#### REQUIREMENT
Would you copy the lines below exactly and omit the images?

#### INPUT DATA
━━━━━━━━━━
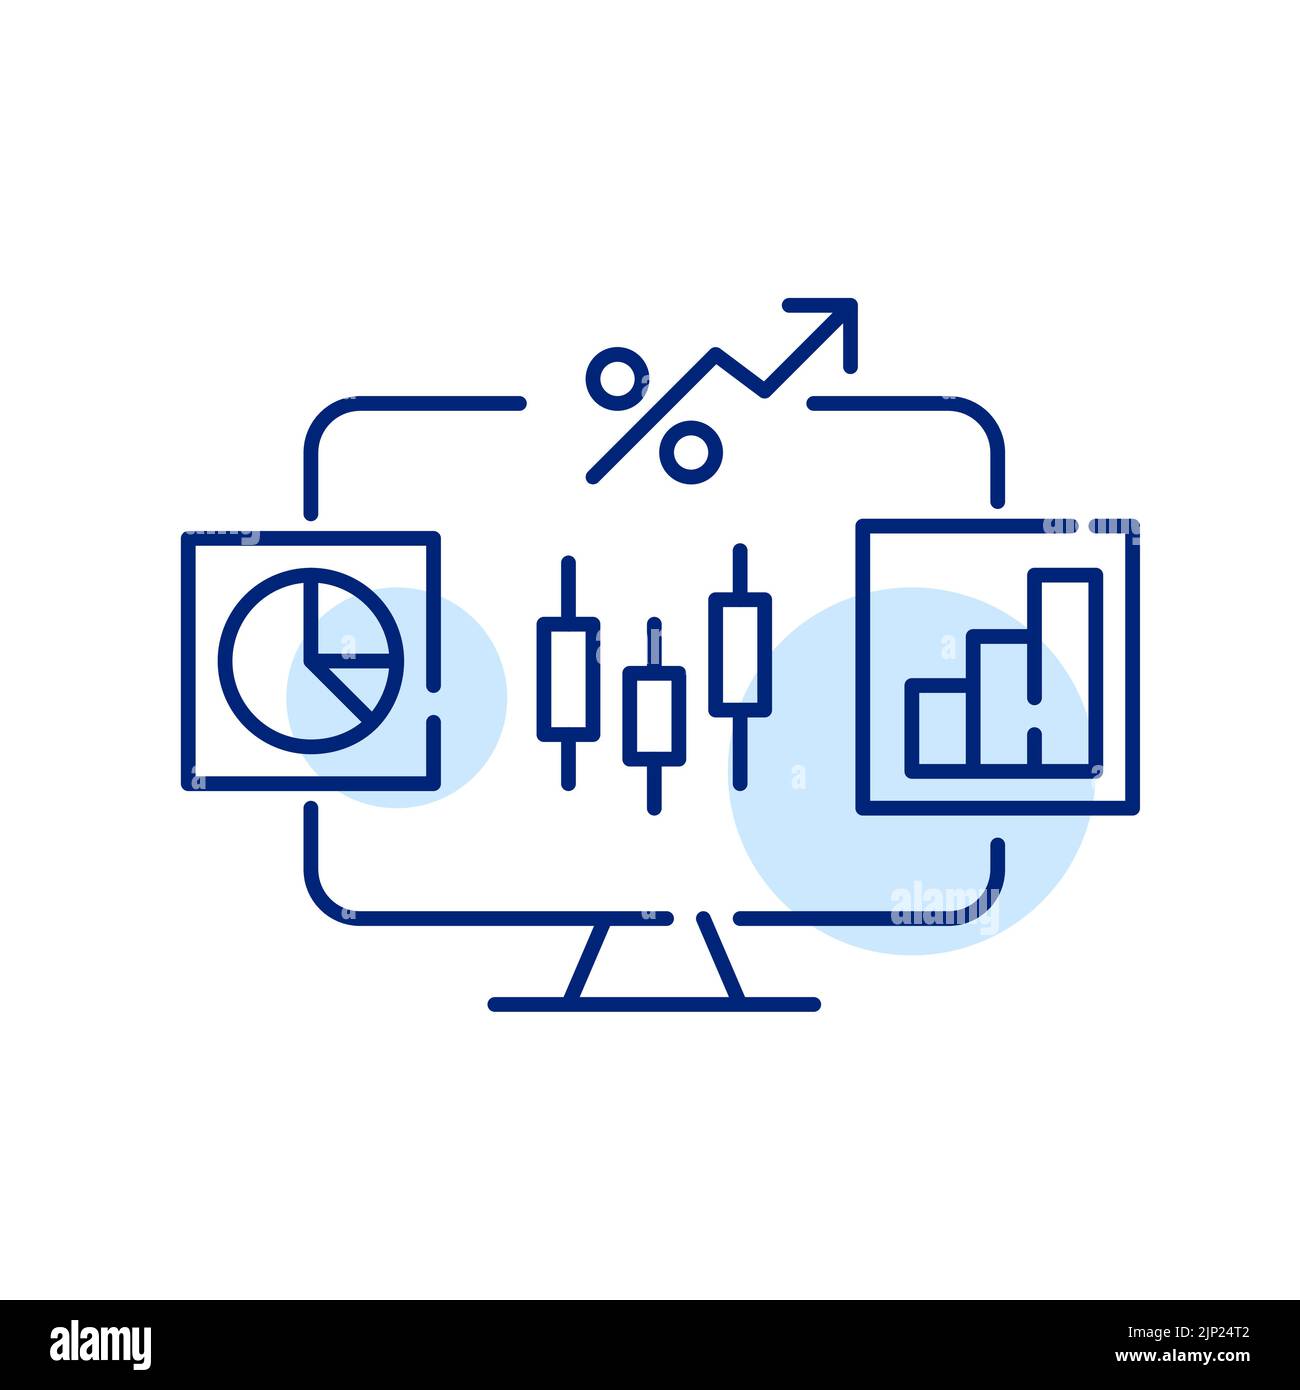 Stock trading platform with candlestick and pie charts. Pixel perfect, editable stroke line art icon Stock Vector
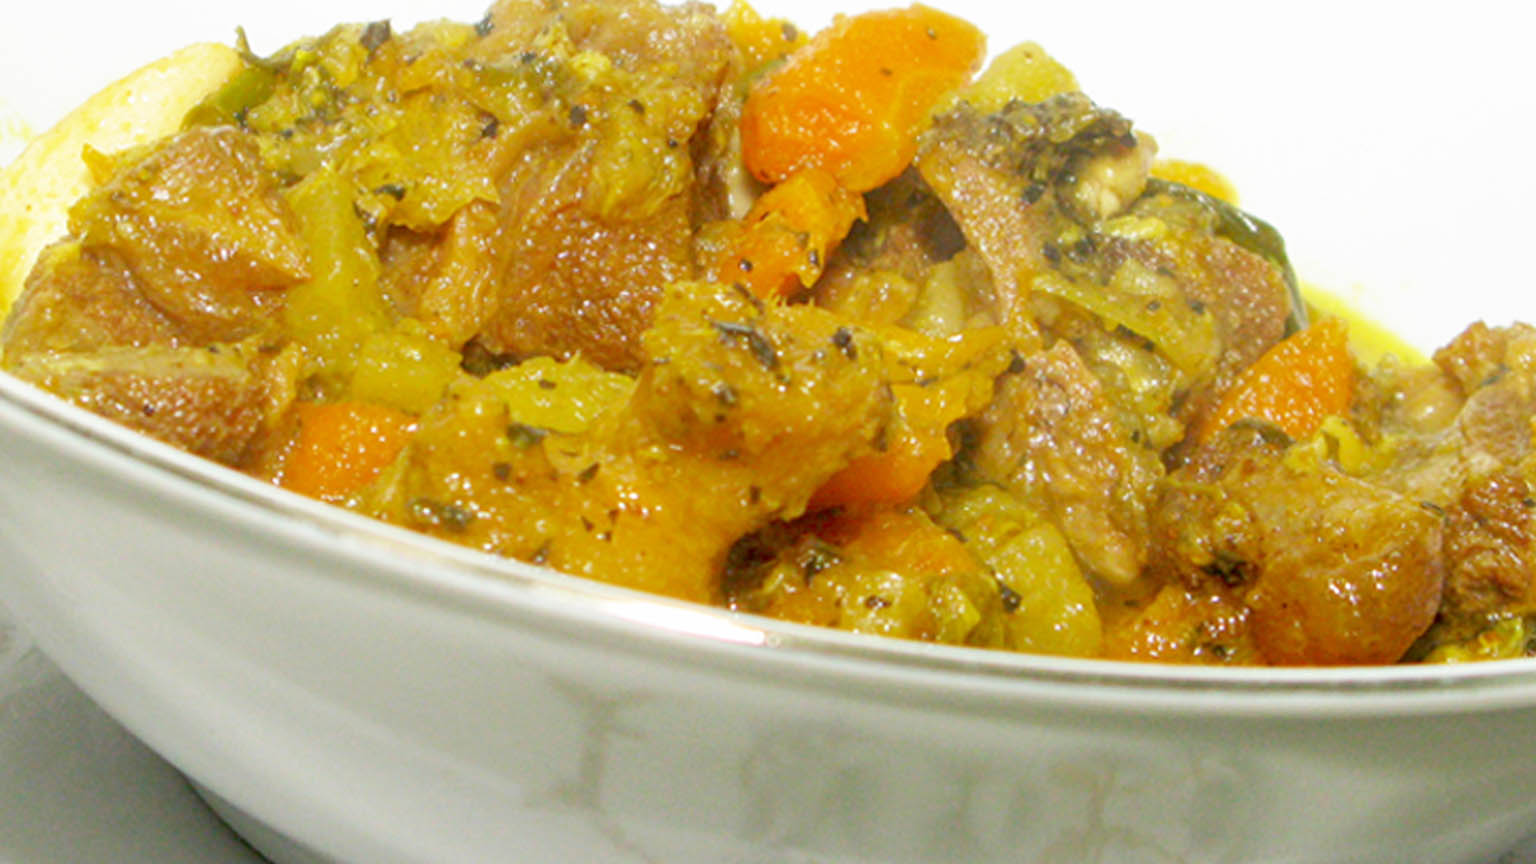 Curry Goat Meat or Mutton Stew
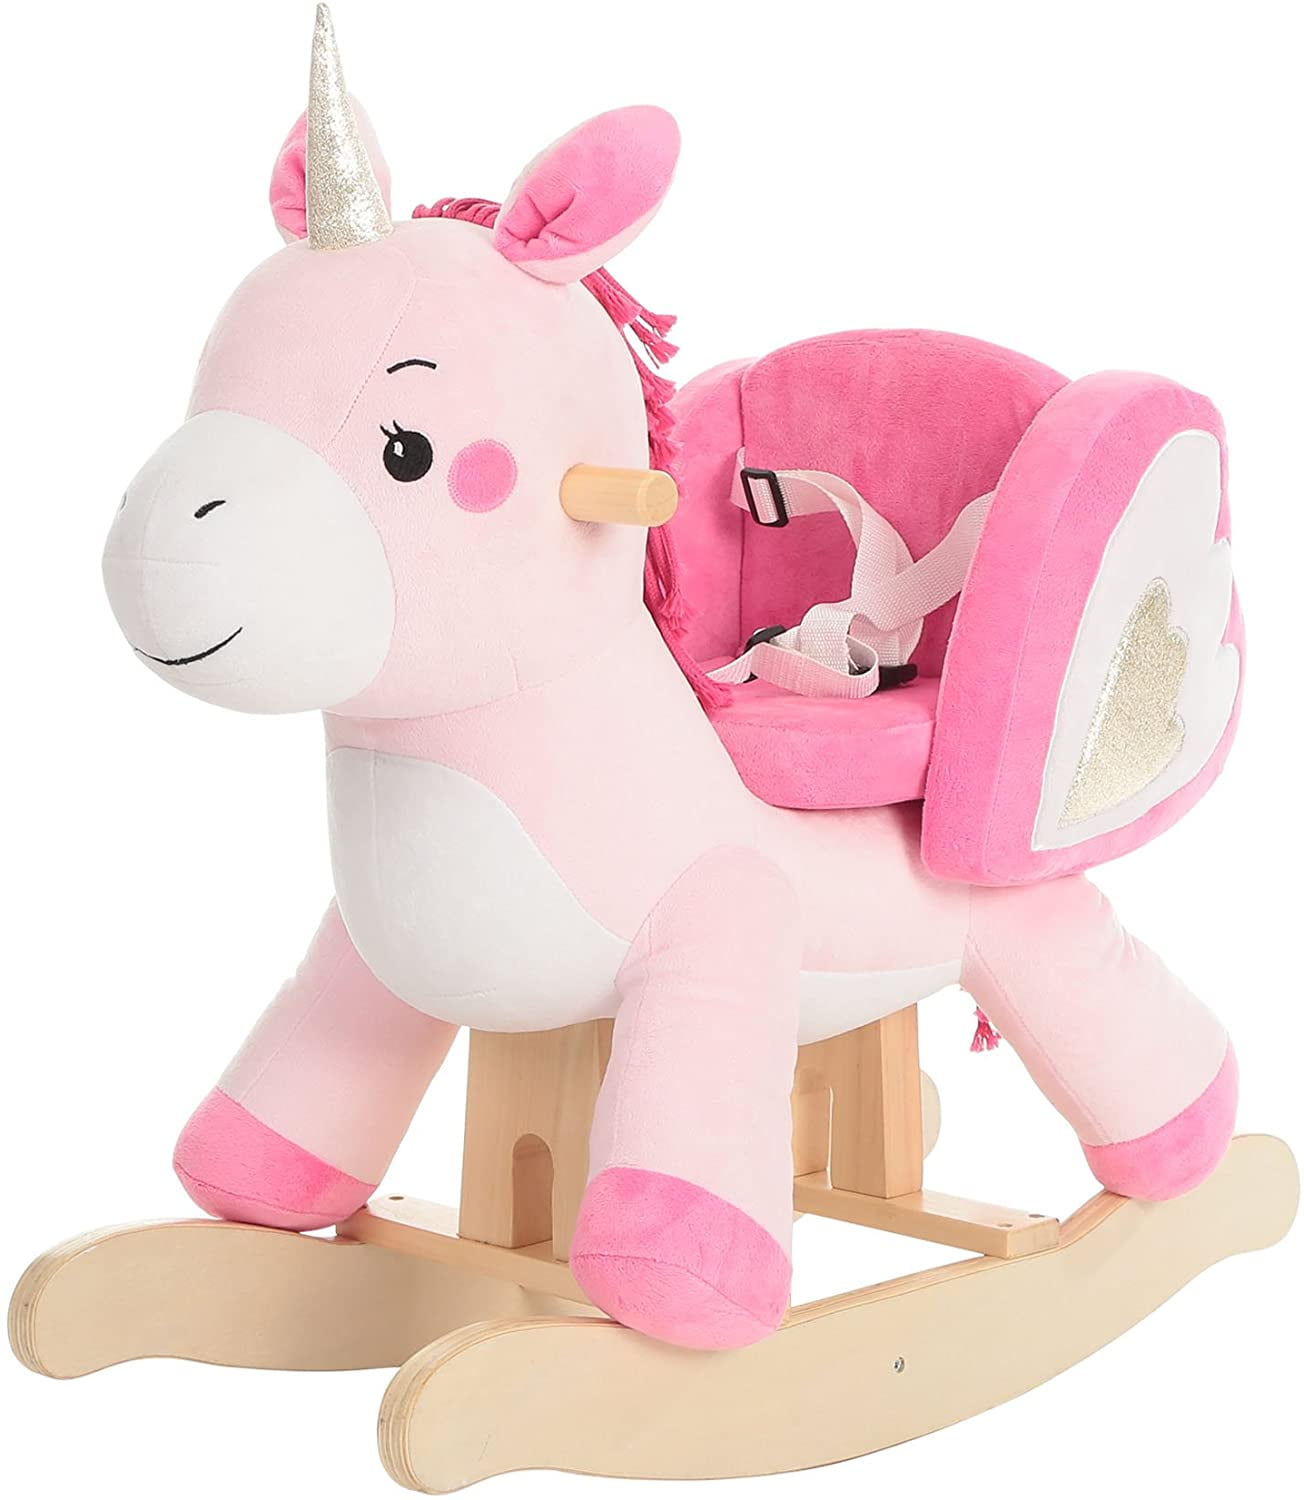 Rocking Horse for Toddlers Baby 1-3 Years Old Kids Rocker Seat Ride On Toy Pink
━━━━━━━━━━
#### YOUR SOLUTION
 Stock trading platform with candlestick and pie charts. Pixel perfect, editable stroke line art icon Stock Vector
 Curry Goat Meat or Mutton Stew
 Rocking Horse for Toddlers Baby 1-3 Years Old Kids Rocker Seat Ride On Toy Pink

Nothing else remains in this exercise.